De fait, la vie et la mort, ou les apparitions, modifications et disparitions des êtres et phénomènes exprimant ce que l'on pourra prosaïquement juger comme découlant de causes et d'effets multiples, on masque, par là-même, la réalité intrinsèque du phénomène n'exprimant que sa propre simultanéité de la cause et de l'effet sans origine. La coïncidence, entre la simultanéité de la cause et de l'effet intérieure à l'être et la durée observée par la forme humaine, ne se situe que dans le vouloir percevoir des deux partis. Or, ne pas s'ouvrir à cette réalité, exprimée par les choses et les êtres, a pour effet de plonger systématiquement l'observateur dans les souffrances stériles du vrai et du faux, du bien et du mal relatifs, et entraîne toutes sortes de culpabilités, regrets et insatisfactions.
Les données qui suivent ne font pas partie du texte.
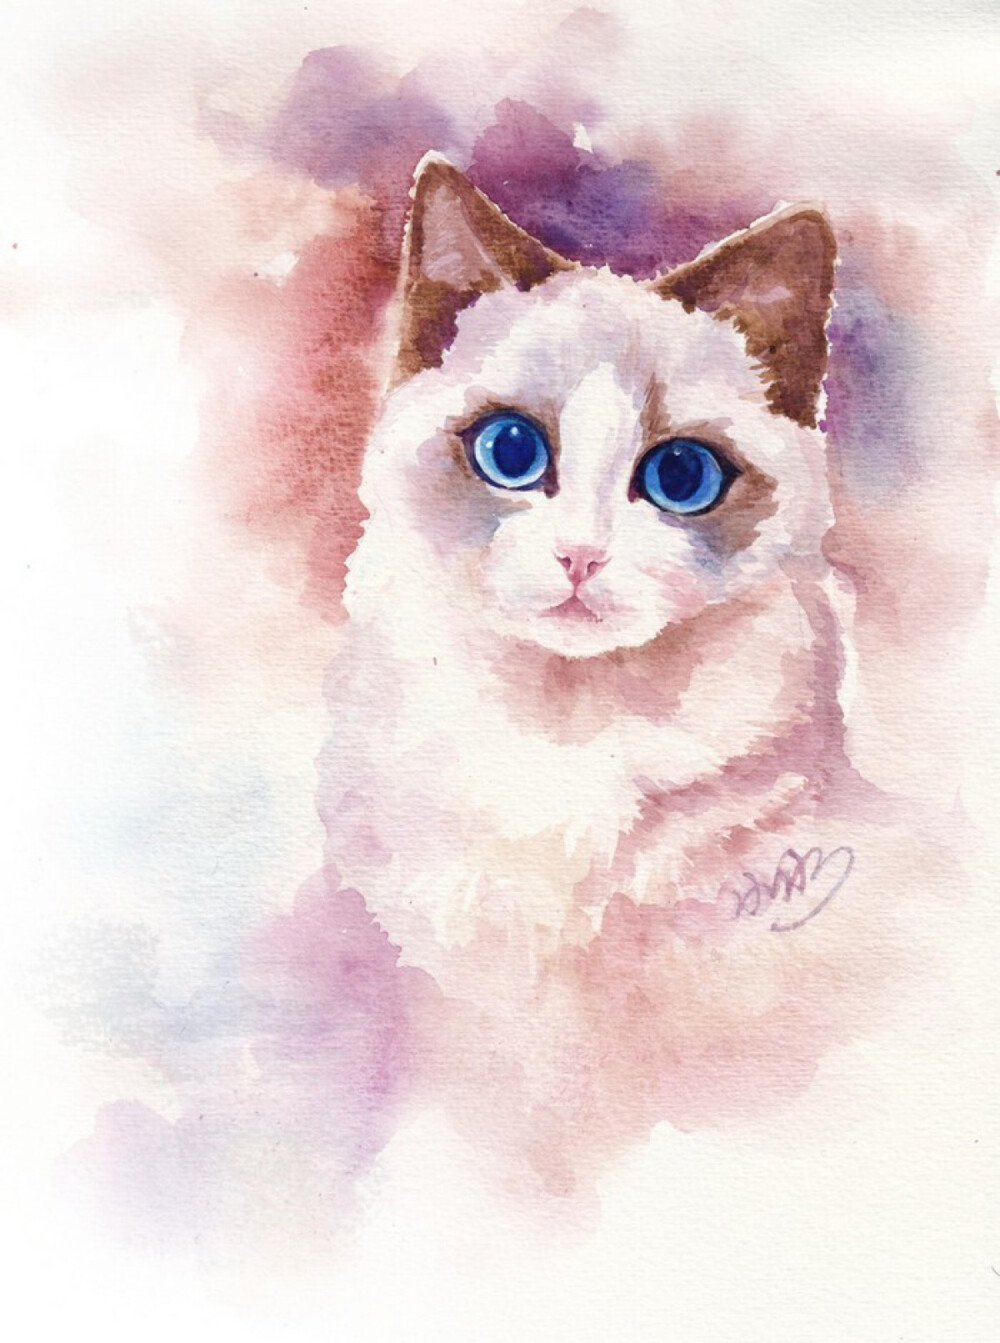 眼睛超美的猫咪手绘插画作品。 你 有朋友 有亲人 有学业 有娱乐 而它只有你 ——by悠利宠物店
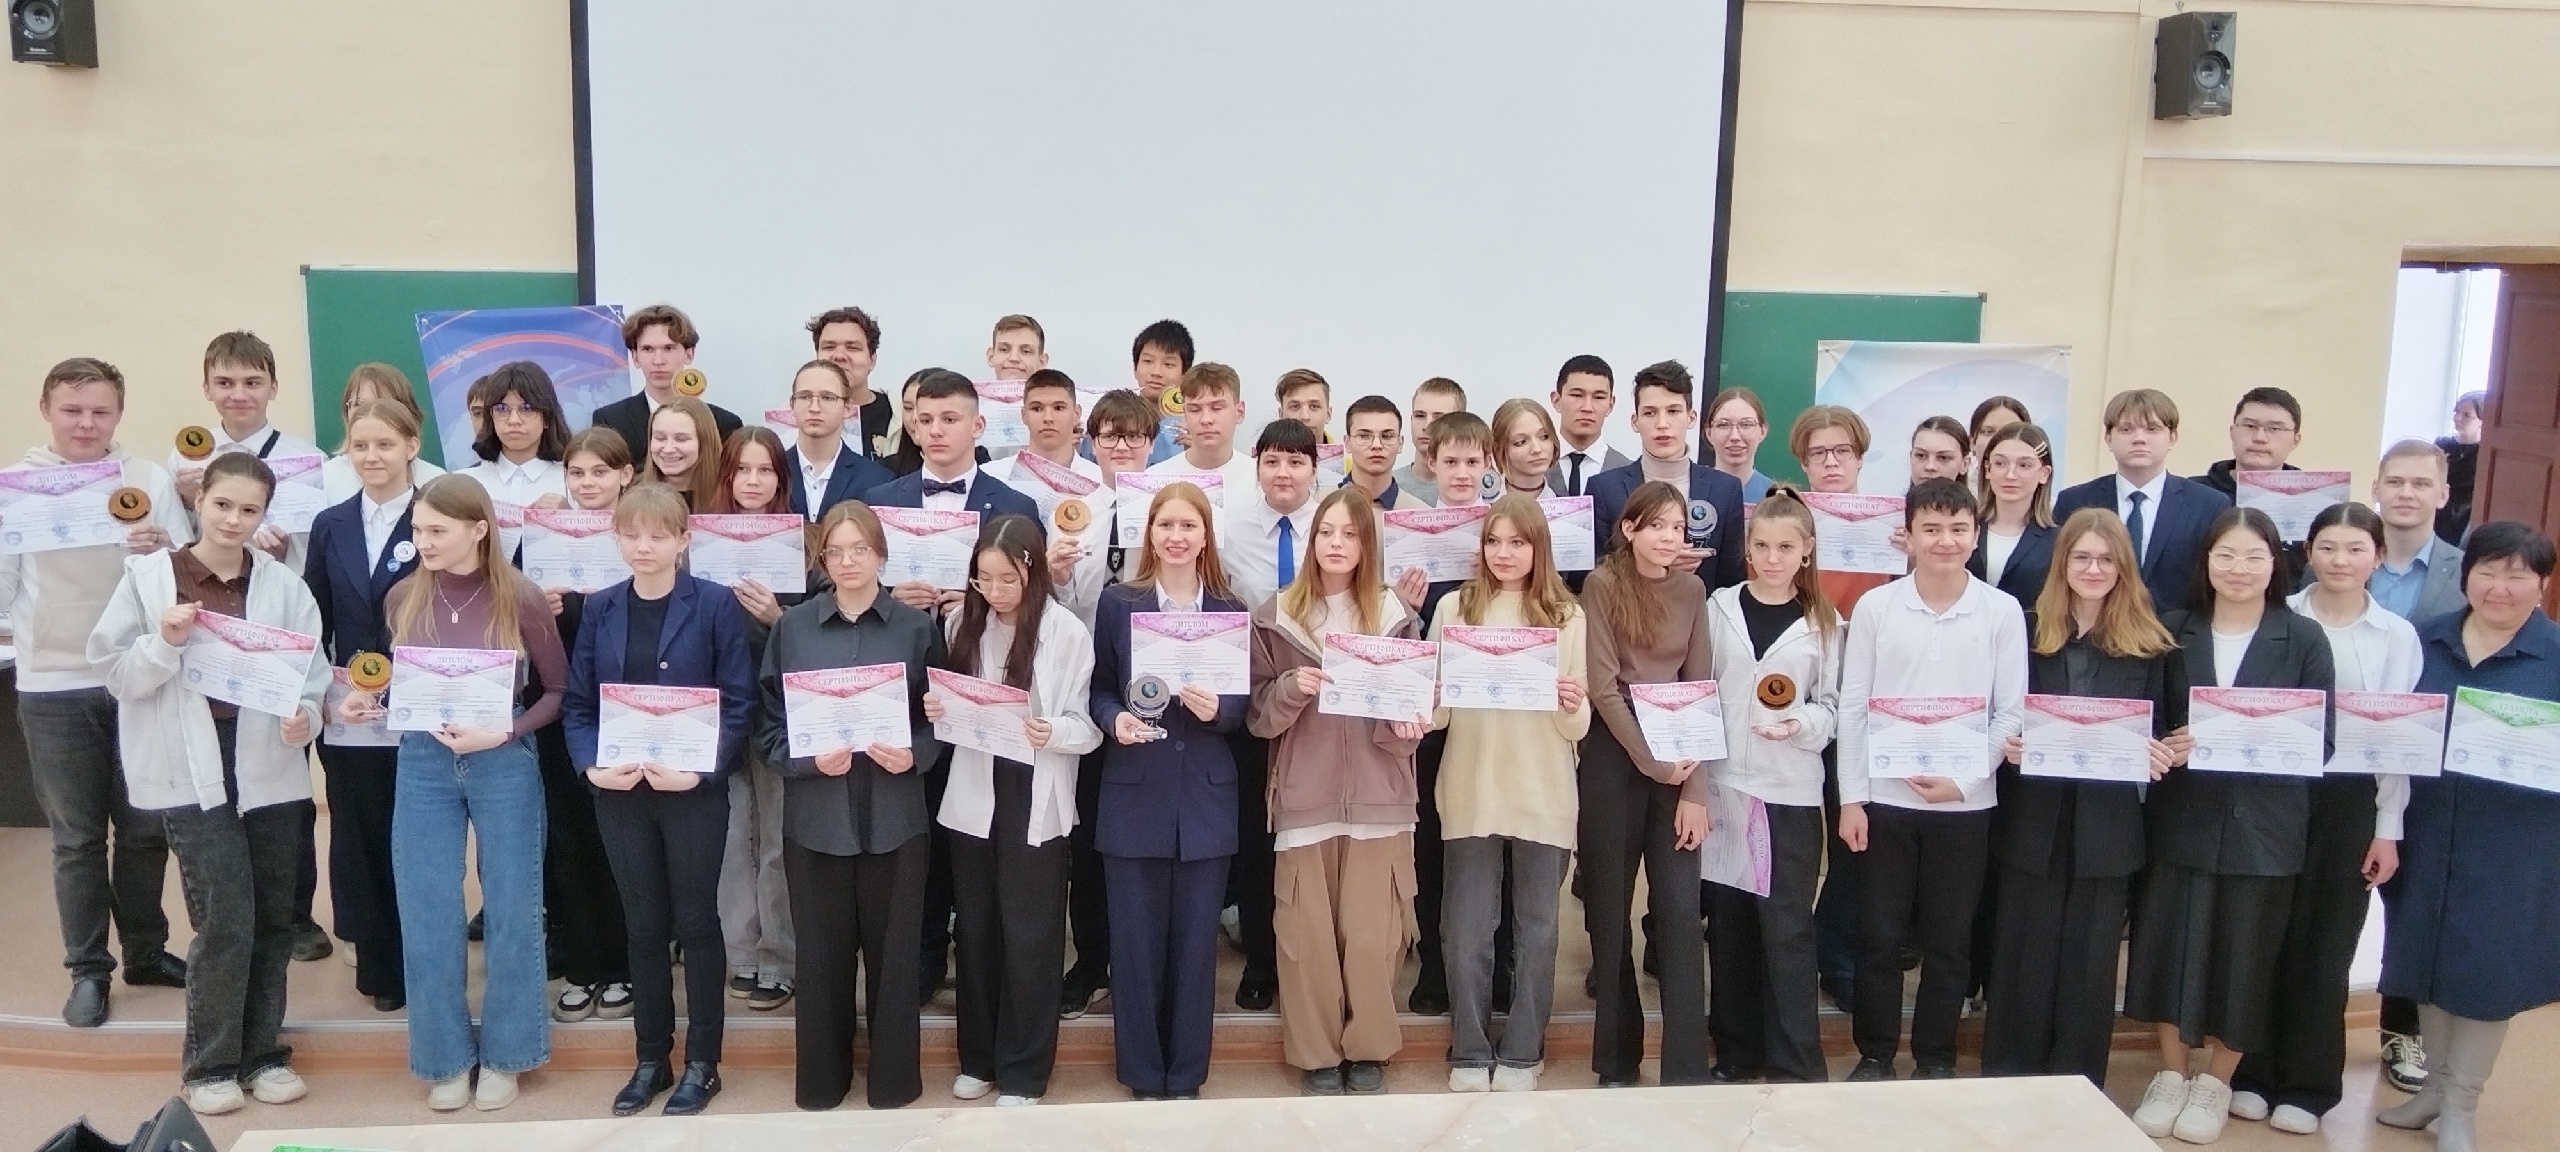 27 апреля в Иркутском педагогическом университете прошла XIII Межрегиональная олимпиада по географии, в которой приняли участие 500 человек из разных регионов России..

L'inconcevable continuité du fait perceptif, qui exprime un des aspects de la sagesse transmise par tous les bouddha, est évoquée entre autres par la phrase: " Constamment apparaît à l'existence la myriade des phénomènes là où se meuvent les ondes des êtres.., car il n'y a pas de séparation entre les deux ". (79) " Constamment " explicite la pérennité de la merveille de la simultanéité de la cause et de l'effet, " il n'y a pas de séparation " nomme les non dualités de l'être et de l'environnement, du corps et de l'esprit. Cherchant à s'éloigner des vues superficielles et stériles il n'est, dès lors, d'action effective que dans la perception médiane de l'état atemporel de la forme, c'est-à-dire dans le partage de la forme provisoire extérieure au seul fait mental. Là se situe, pour nous les êtres, l'accès à un réel sentiment filial, et, par extension, seule la production en soi de la sagesse de l'éveil permet l'apparition d'une profonde reconnaissance envers tout ce qui est.